The Abyssal Black stories so far have each contained a prologue and epilogue featuring how the particular tarum-mihi comes to be included in (or potentially rejected from) the library. There is a developing storyline regarding the seeker’s journey further into the Abyssal Black, and the perils he faces as he encounters obstacles that test his devotion to the calling offered by the mysterious Keeper of Books.’ So, I’ll have to give some thought to these ‘book ends’ for the story-main, too.

Where to go from here? Well, I was clear about the setting. I wanted to work in my equivalent of Stephen King’s Castle Rock; the fictional town of Valley that formed the backdrop to my novel, Mycophoria. Also the novelette, These Damn Insects.

Since the focus of the story was going to be the characters, I decided to start with two detailed character sketches for the main protagonists: Woody Woods, and his wife, Jenna. I use a template that is quite detailed. To my shame, I forget where I obtained it from, otherwise I’d give it an attribution. (Moree about this shortly.)

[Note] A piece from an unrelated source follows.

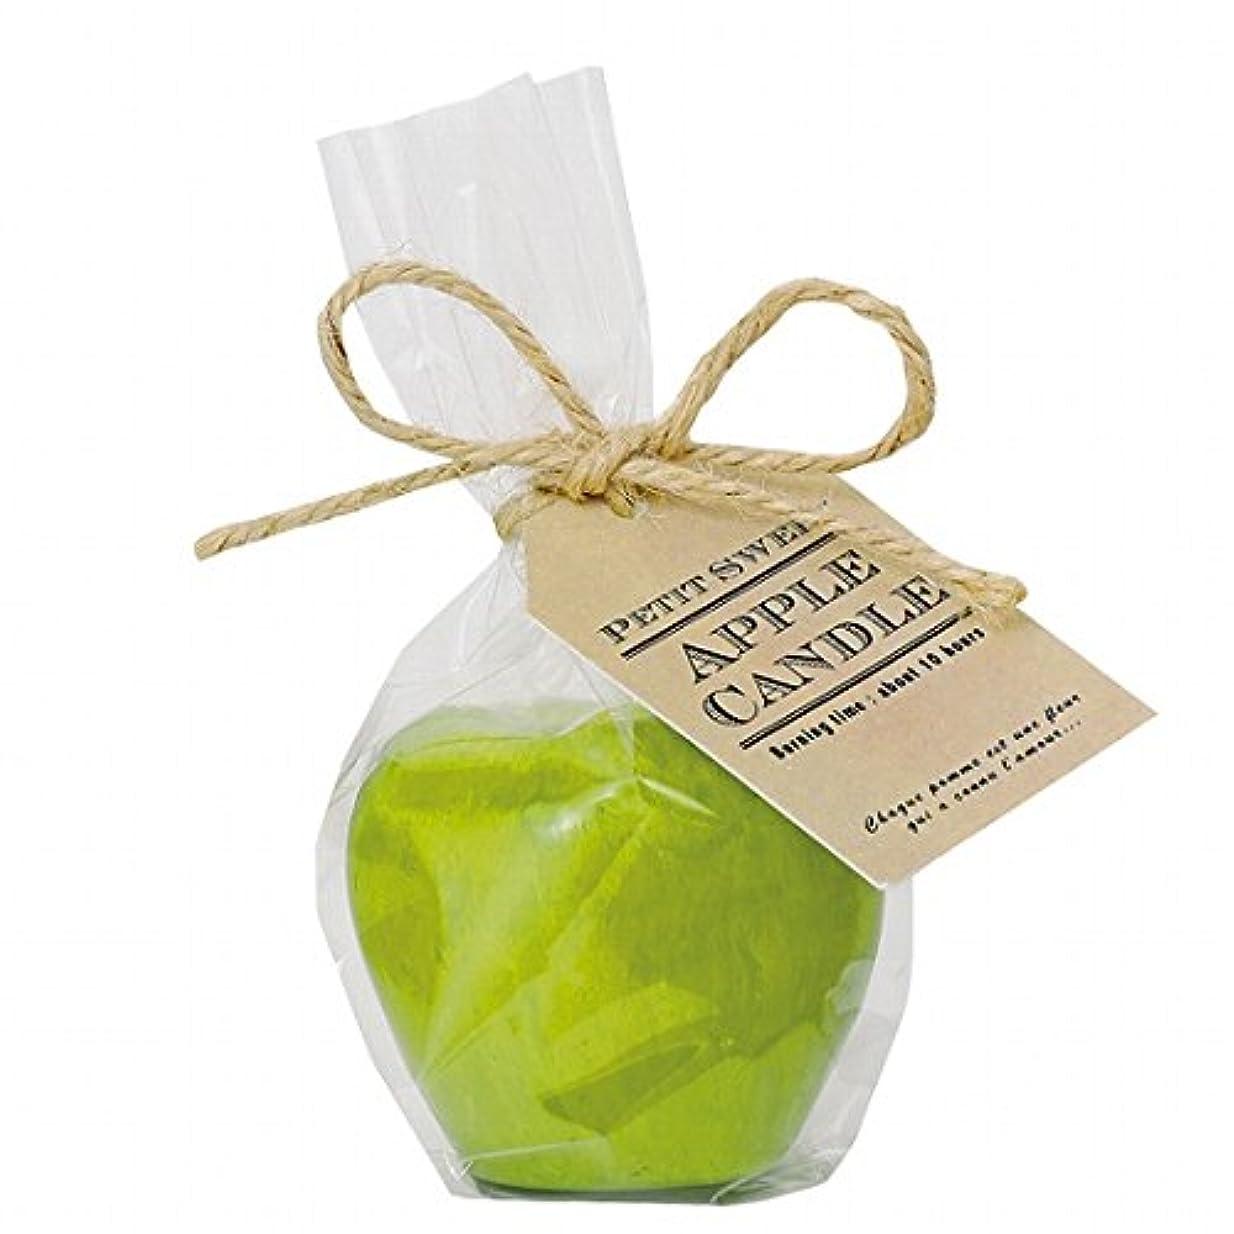 バッチうがい薬高くカメヤマキャンドル(kameyama candle) プチスイートアップルキャンドル 「 グリーン 」
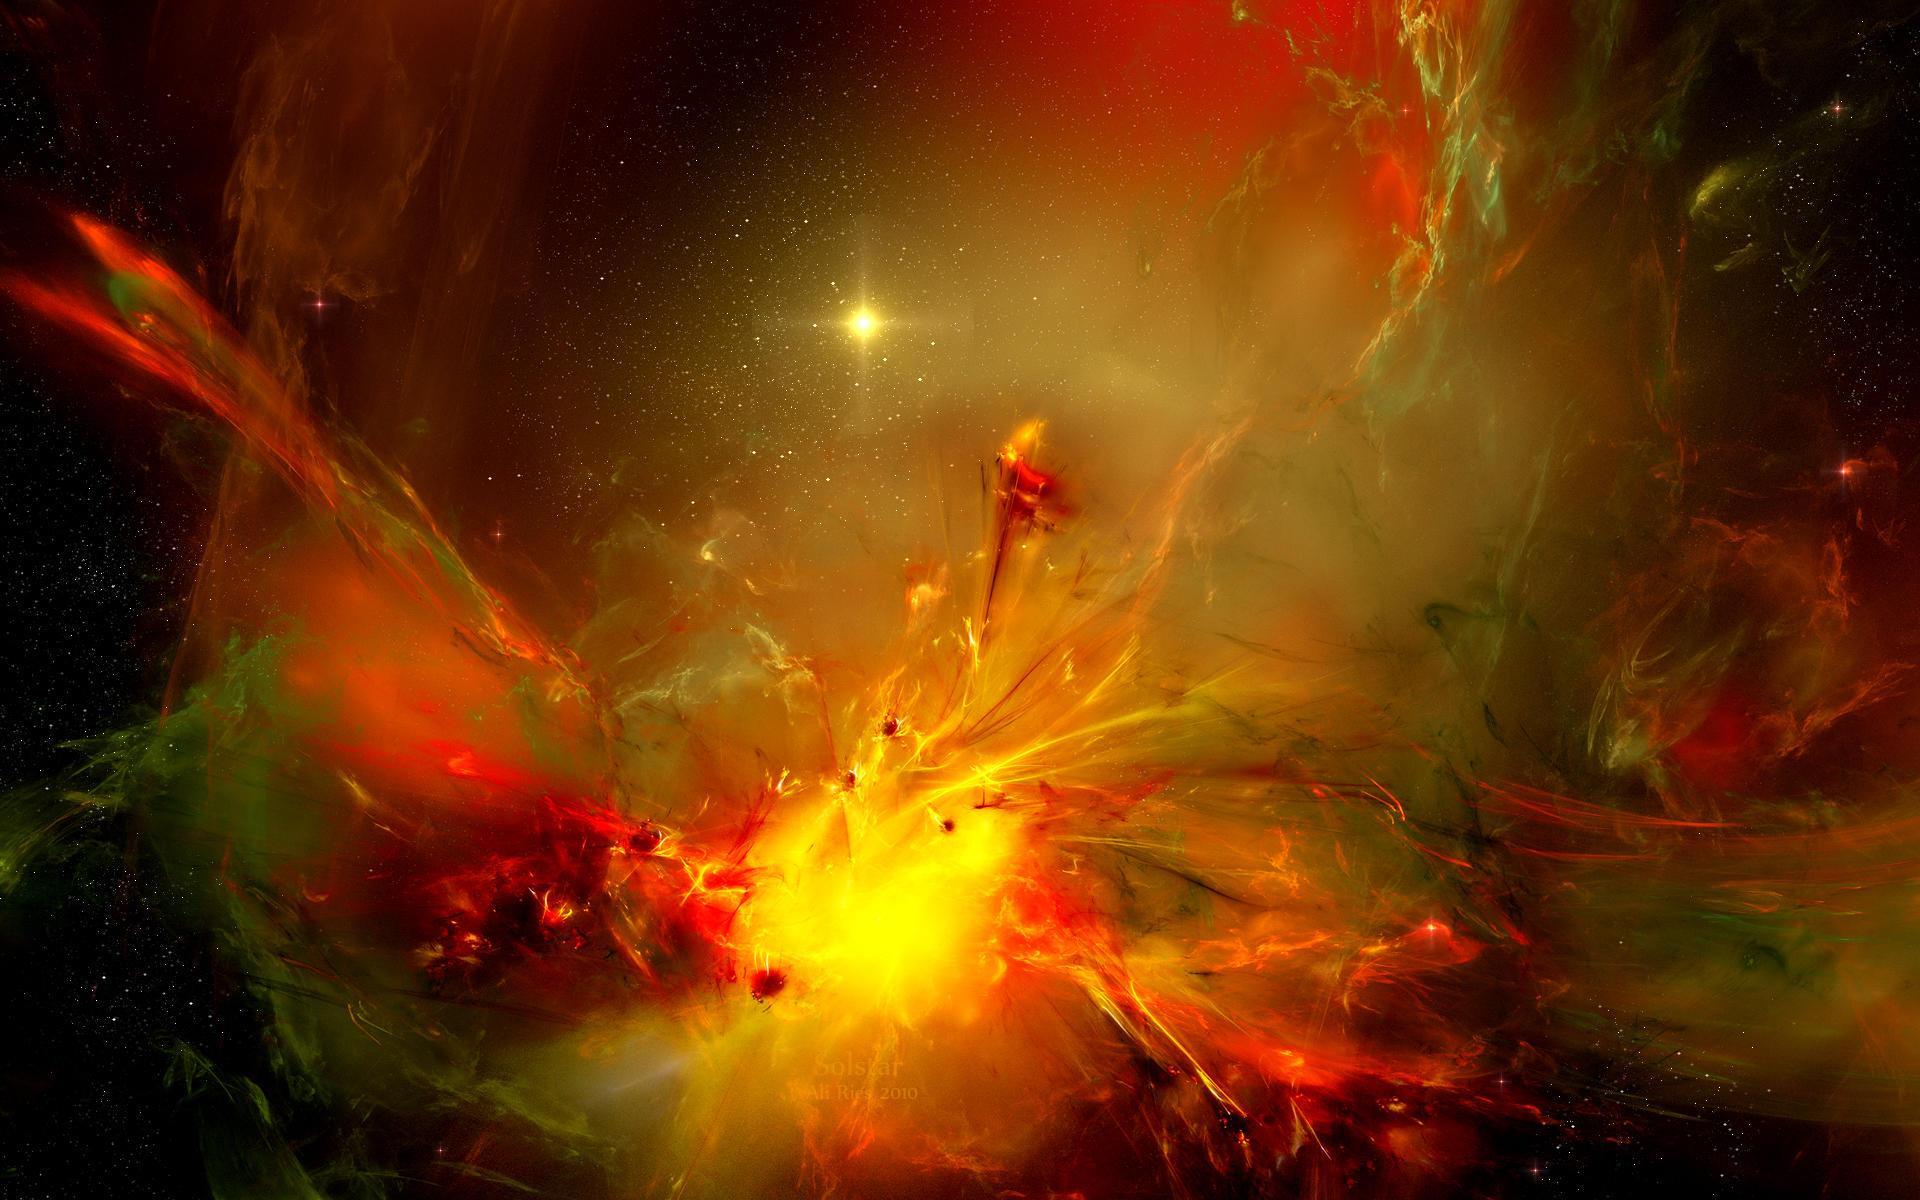 Разожгу огонь до небес

Next, the themes. As I imagined these characters, a few immediately came to mind: the overwhelming drive and obsession to procreate, the pain of childlessness, how people limit their horizons, and the lengths people will go to so they can realise their dreams. Pretty weighty. Perhaps too much to be confined in a short story of between 2500 and 10,000 words. It seemed clear to me this would be a novelette of up to 20,000 words.

The character template I use goes well beyond the typical appearance, family history, occupation etc. that you might have come across before. It asks such questions as, What is your character’s defining strength, Who or what, would your character die for? Write three words that describe your character, If a song played every time they walked into the room, what would it be? You get the idea. Once this was done, my imagination had enough to latch on to, and I could already see scenes taking shape. Scenes featuring dialogue between the two MCs, scenes involving the characters on their own, and others (cinematic in nature) showing interactions between the MCs and other minor characters.

I jotted down a sketchy outline, split up into these scenes. As it stands, there are gaps, but the pivotal moments, including beginning and end are there. Now that I’ve accomplished this, I’ve already got 4800 words. Some of this takes the form of headings and questions, which are part of the template, but still, it’s quite substantial.

Finally, I’m raring to go, ready to write actual prose. As I’ve done before, I’m adopting the Chuck Wendig approach of being a pantser by nature, but an outliner by necessity. This is a little different from Stephen King’s total gardener approach, where he doesn’t know how the story’s going to end, right up until the last minute. SK’s approach is an ideal I’ve only been able to successfully accomplish in shorter stories, as my longer works tend to get lost in the swampy middle all too easily. That said, my rough outline should be flexible enough to allow those ‘pantser’ moments, so it’s not altogether a straitjacket.

I’ll pick up progress in the next blog entry, where we’ll cover the first scenes, together with balancing plot, theme and characters.